Il y a une vraie volonté de mettre en mots, pour tenter d’expliquer au grand public le reste de la société. Il voit les artistes, entend parfois parler des scandales, mais la dynamique, la créativité artistique de ces mouvements culturels restent inconnues. Pour mieux les appréhender et donner de la matière à ceux qui travaillent dans la politique de la ville, les travailleurs sociaux, les enseignants, qui perçoivent ces mouvements-là d’un mauvais œil. Il s’agissait d’enclencher un dialogue avec des personnes qui sont en dehors de la Caraïbe. C’était aussi pour avoir une idée de ce qui se faisait dans nos régions.

 

“Ces mouvements ont capté l’imagination de la jeunesse antillaise…”

 

Ce mouvement transfrontalier, parti de la Jamaïque, s’est épanoui aux Etats-Unis mais reste marqué par des apports culturels très divers. C’est un atout pour mieux vivre ensemble et se comprendre?
Je pense que oui, j’ai l’impression que c’est un mouvement d’hommes et de femmes qui a plusieurs têtes. Il est tellement ouvert aux gens qui viennent d’avenues différentes, qu’il est ouvert à plein de choses qui peuvent aussi nuire au vivre ensemble. Mais ces cultures forment un pont qui relie des gens qui vivent dans des pays différents, ont des religions différentes, qui sont d’âge différents. Ce qu’ils ont en commun, c’est bien ce mouvement. Il y a aussi des gens qui ont réussi à se rattacher à la vie et lui donner du sens grâce à ces mouvements, qui touchent aujourd’hui un salaire. L’autre côté de la pièce, ce sont des problèmes sociétaux que ce mouvement met en lumière et parfois glorifie… Il faut pouvoir parler de ces choses-là, parler sans condescendance, avec respect et clairvoyance.

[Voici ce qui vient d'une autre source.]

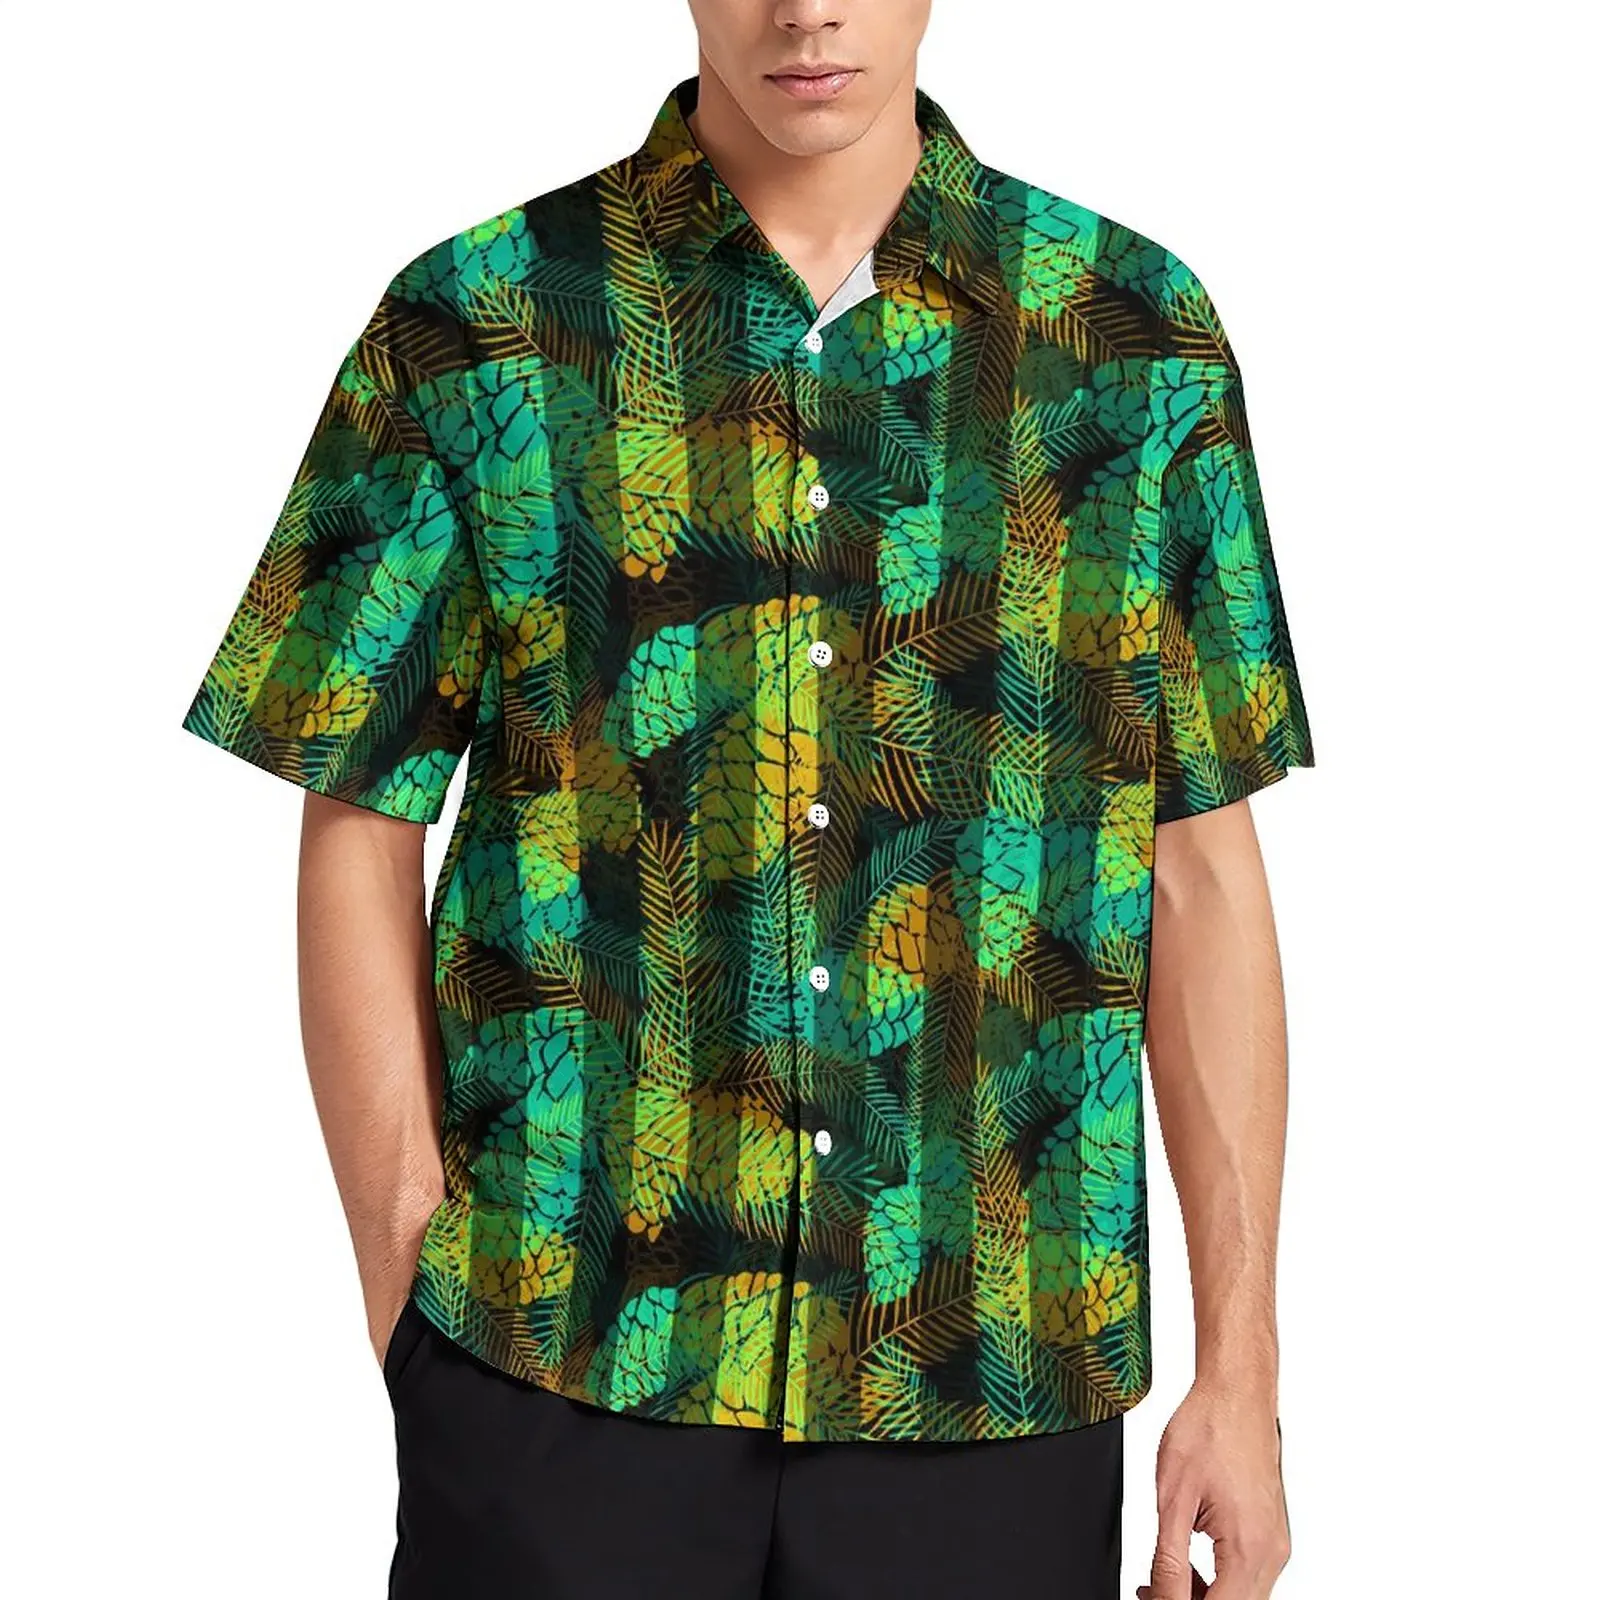 

Green Pine Cones Blouses Man Stripes Print Casual Shirts Hawaiian Short-Sleeved Printed Cool Oversized Vacation Shirt Gift Idea

Dans la Caraïbe, la créolité demeure-t-elle la source fondamentale de cette culture?
Si l’on définit la créolité comme l’accueil de la diversité, comme une manière de voir le monde et de vivre, propre aux habitants de la Caraïbe, je pense que oui. C’est un mouvement qui a aussi tendance à écraser les cultures locales, mais  ceux qui ont compris que ce mouvement est celui du “Reste toi-même”, qu’ils soient graffeurs, réalisateurs, rappeurs, artistes Dancehall… ont compris que l’on peut puiser dans son héritage culturel. Lorsqu’on est dans cette dynamique, ses fondateurs ont plus de respect pour nous que pour ceux qui sont dans le mimétisme.

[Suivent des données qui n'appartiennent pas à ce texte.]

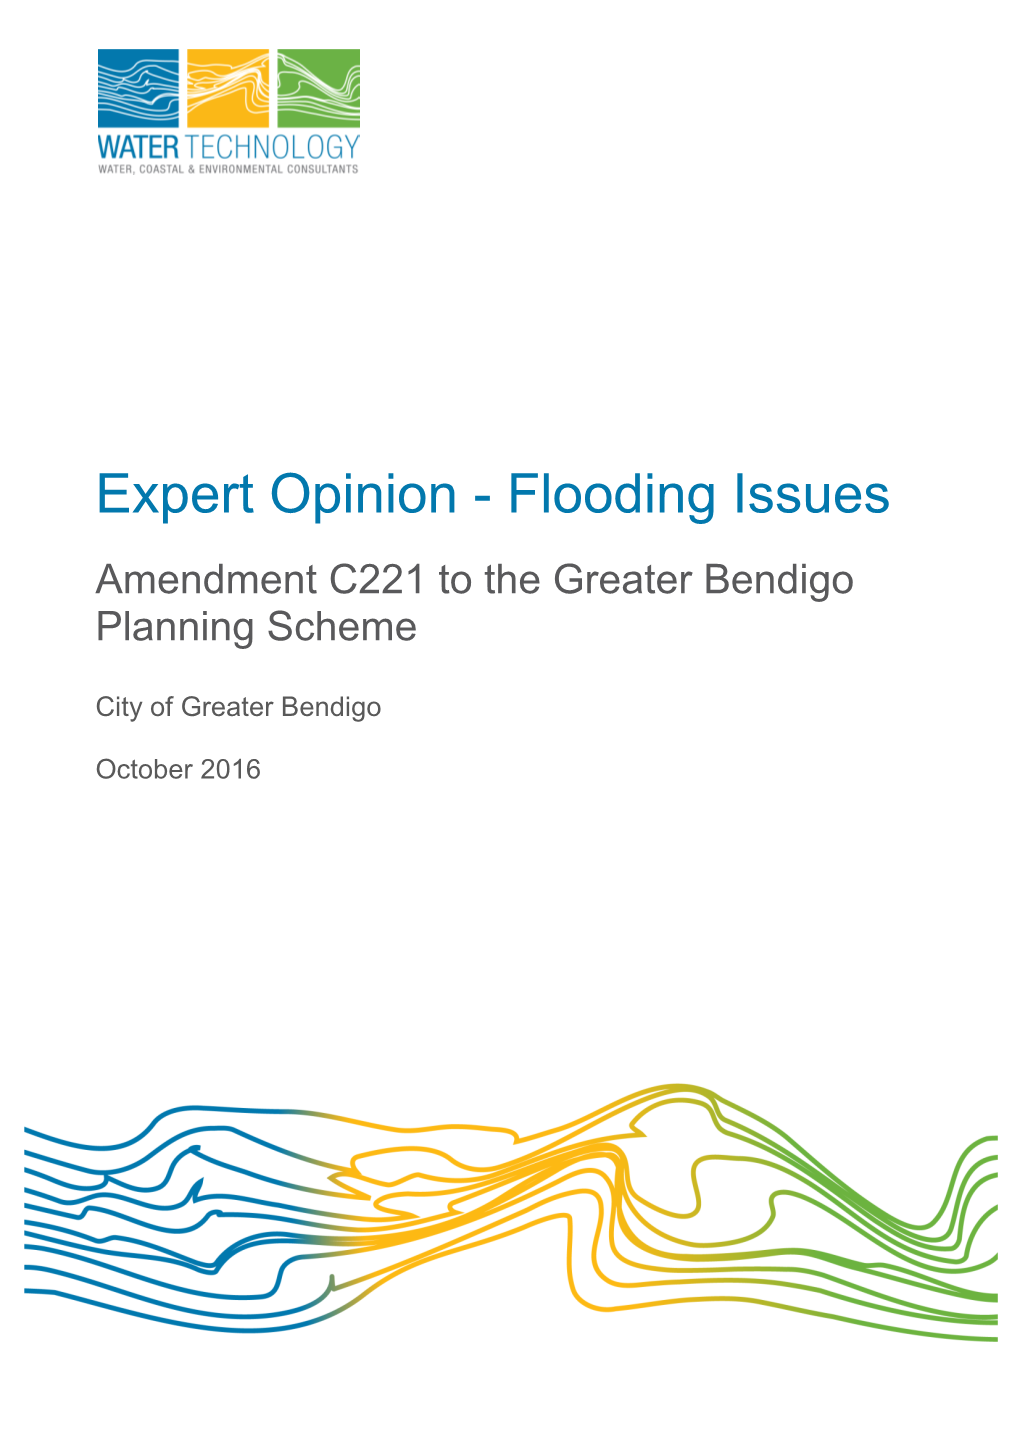 Expert Opinion - Flooding Issues Amendment C221 to the Greater Bendigo Planning Scheme

La violence et les scandales occupent souvent le devant de la scène, notamment autour de la “Gangsta music”, beaucoup plus que les aspects pacifiques et unificateurs de ce mouvement, dont vous traitez dans votre ouvrage. Comment peut-on davantage valoriser ces aspects?
Par les médias que nous avons, les thèmes qui sont abordés et les gens à qui l’on donne la parole. C’est un travail de déconstruction et de dialogue qu’il faut engager. Il existait auparavant des émissions télévisées, des émissions de radio qui ne traitaient pas des scandales.Ces mouvements ont capturé l’imagination de la jeunesse antillaise, c’est pour cela que je propose aujourd’hui qu’ils puissent trouver leur place dans les salles de cours et les établissements scolaires. Il nous faut passer par eux pour comprendre ce qui se passe dans notre pays, c’est aussi un moyen pour éduquer, motiver, nourrir l’estime de soi. Les artistes de ces mouvements doivent prendre leur part, et pas seulement ceux qui font de la musique, on doit leur donner la parole et compter avec eux comme des forces incontournables dans l’épanouissement de nos gens.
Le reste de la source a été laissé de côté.